§ **TASK TO CARRY OUT**: Beginning at the line that contains "Dettagli architettonici e", repeat each line exactly through the last one of the records below, and leave out the pictures.

§ **ENTRIES PROVIDED**:
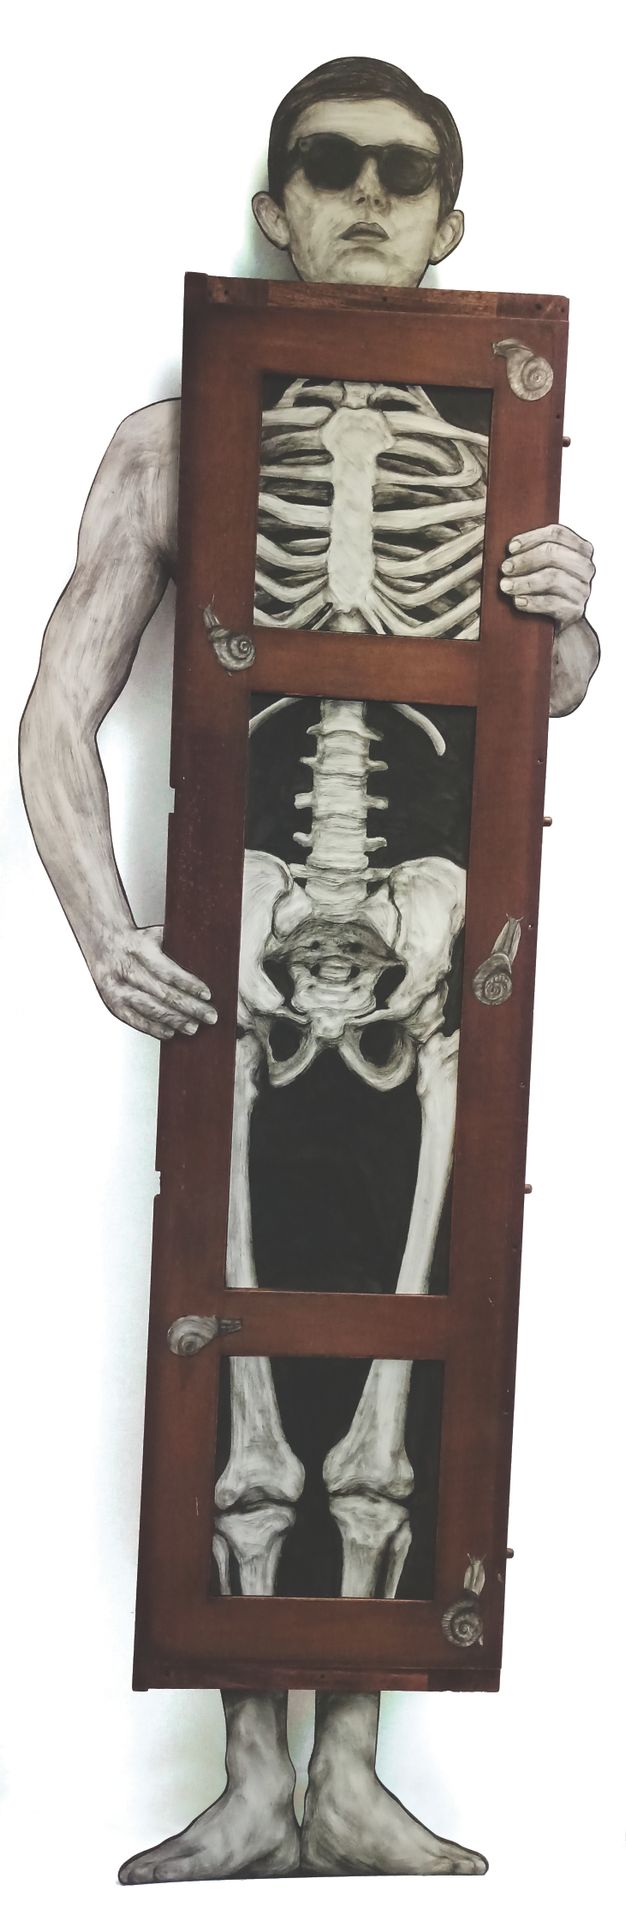 Null LEVALET (1988)

Radiographie

Mischtechnik auf einer lebensgroßen, ausgesch&hellip;
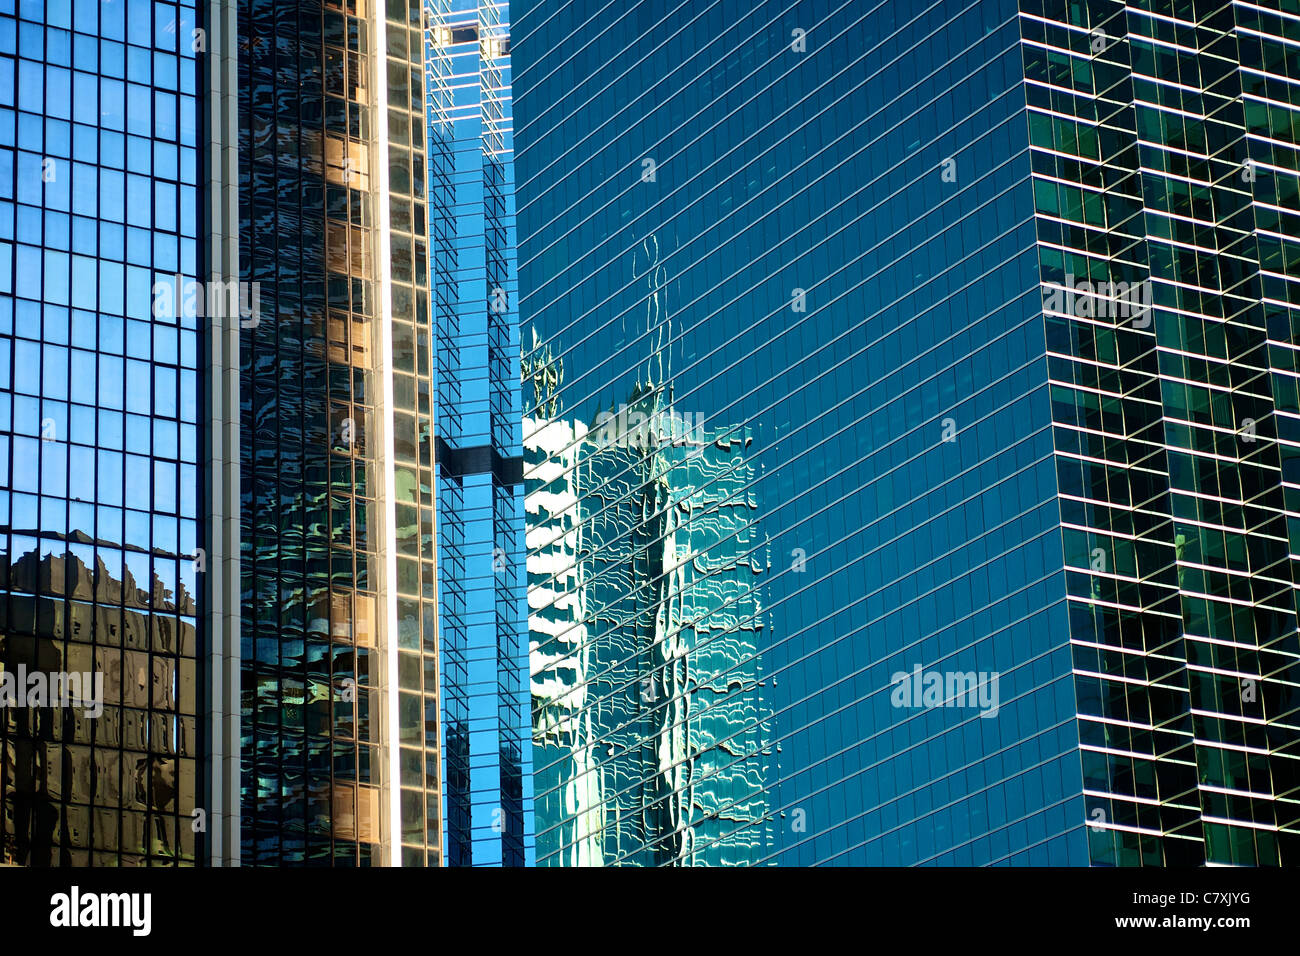 Dettagli architettonici e vetro riflettente degli edifici al posto pacifico in Admiralty. Foto Stock
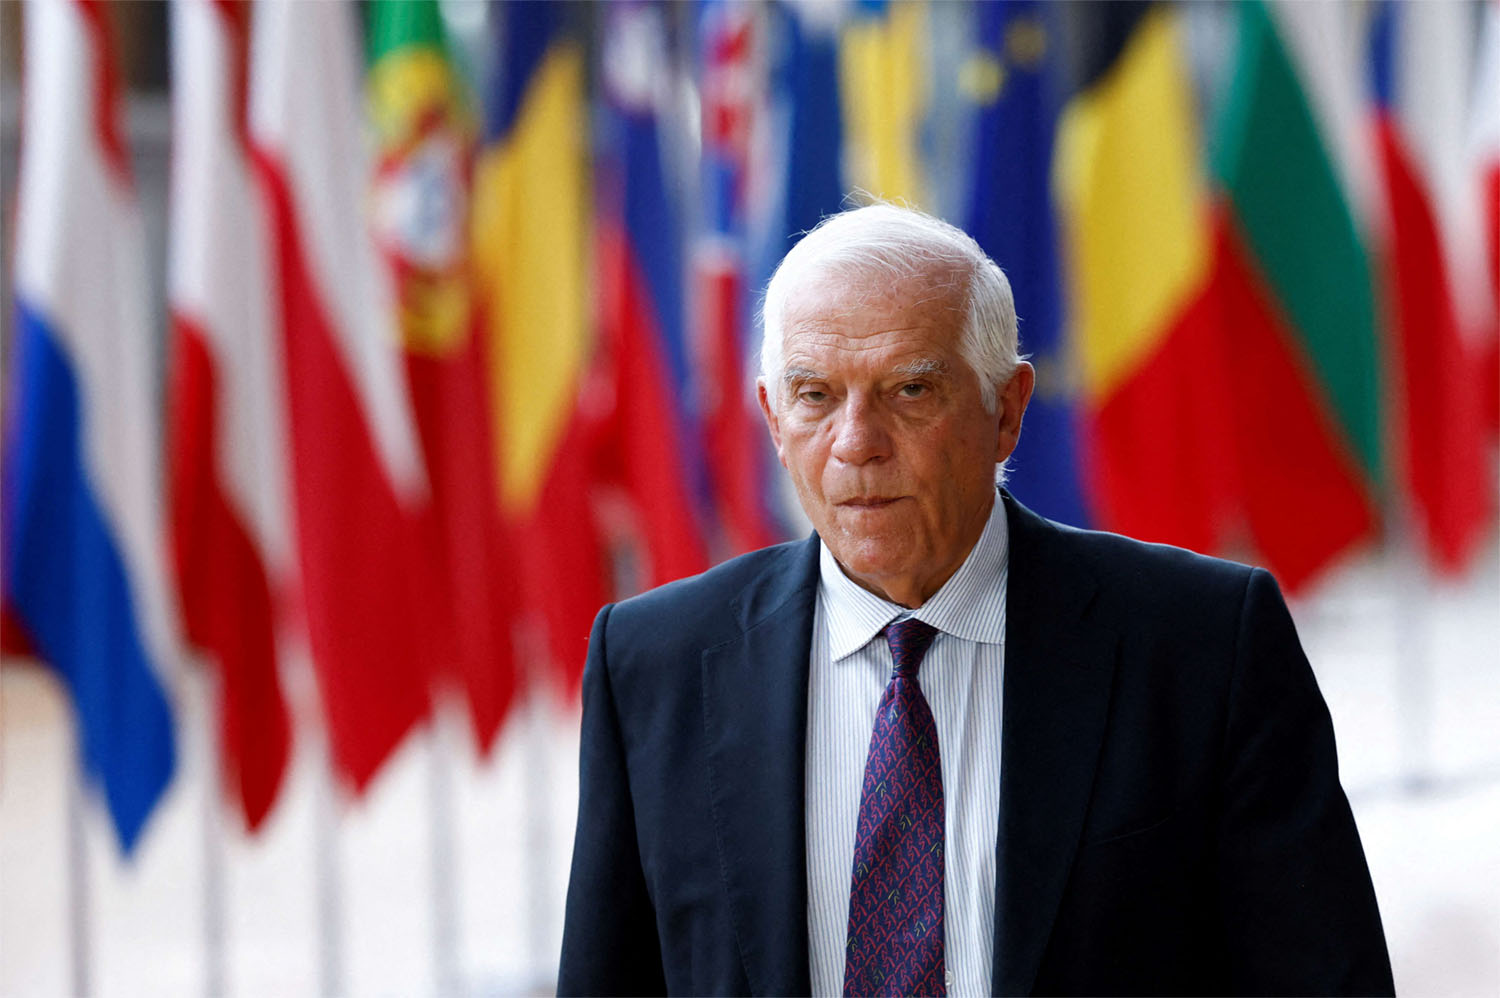 EU foreign policy chief Josep Borrell 
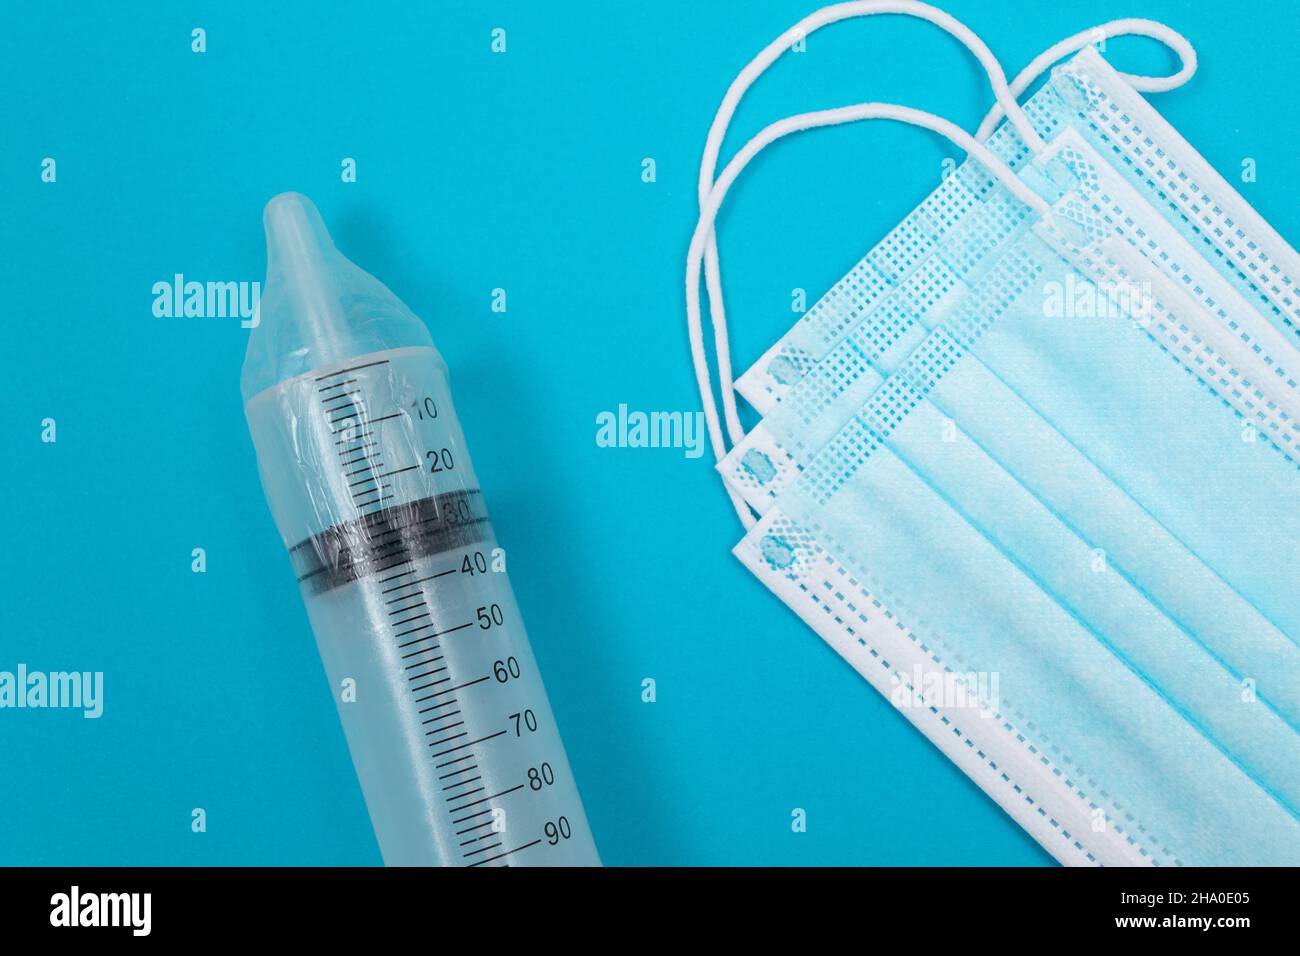 Vaccin sûr, anti-vaccin concept - seringue dans un condom se trouve sur la table bleue en clinique ou à l'hôpital. Méfiance à l'égard de la vaccination. Immunité naturelle. Scepticisme à propos du vaccin. Liberté et droits de l'homme Banque D'Images

§ **ANSWER SPACE**:
 Dettagli architettonici e vetro riflettente degli edifici al posto pacifico in Admiralty. Foto Stock
 EU foreign policy chief Josep Borrell 
 Vaccin sûr, anti-vaccin concept - seringue dans un condom se trouve sur la table bleue en clinique ou à l'hôpital. Méfiance à l'égard de la vaccination. Immunité naturelle. Scepticisme à propos du vaccin. Liberté et droits de l'homme Banque D'Images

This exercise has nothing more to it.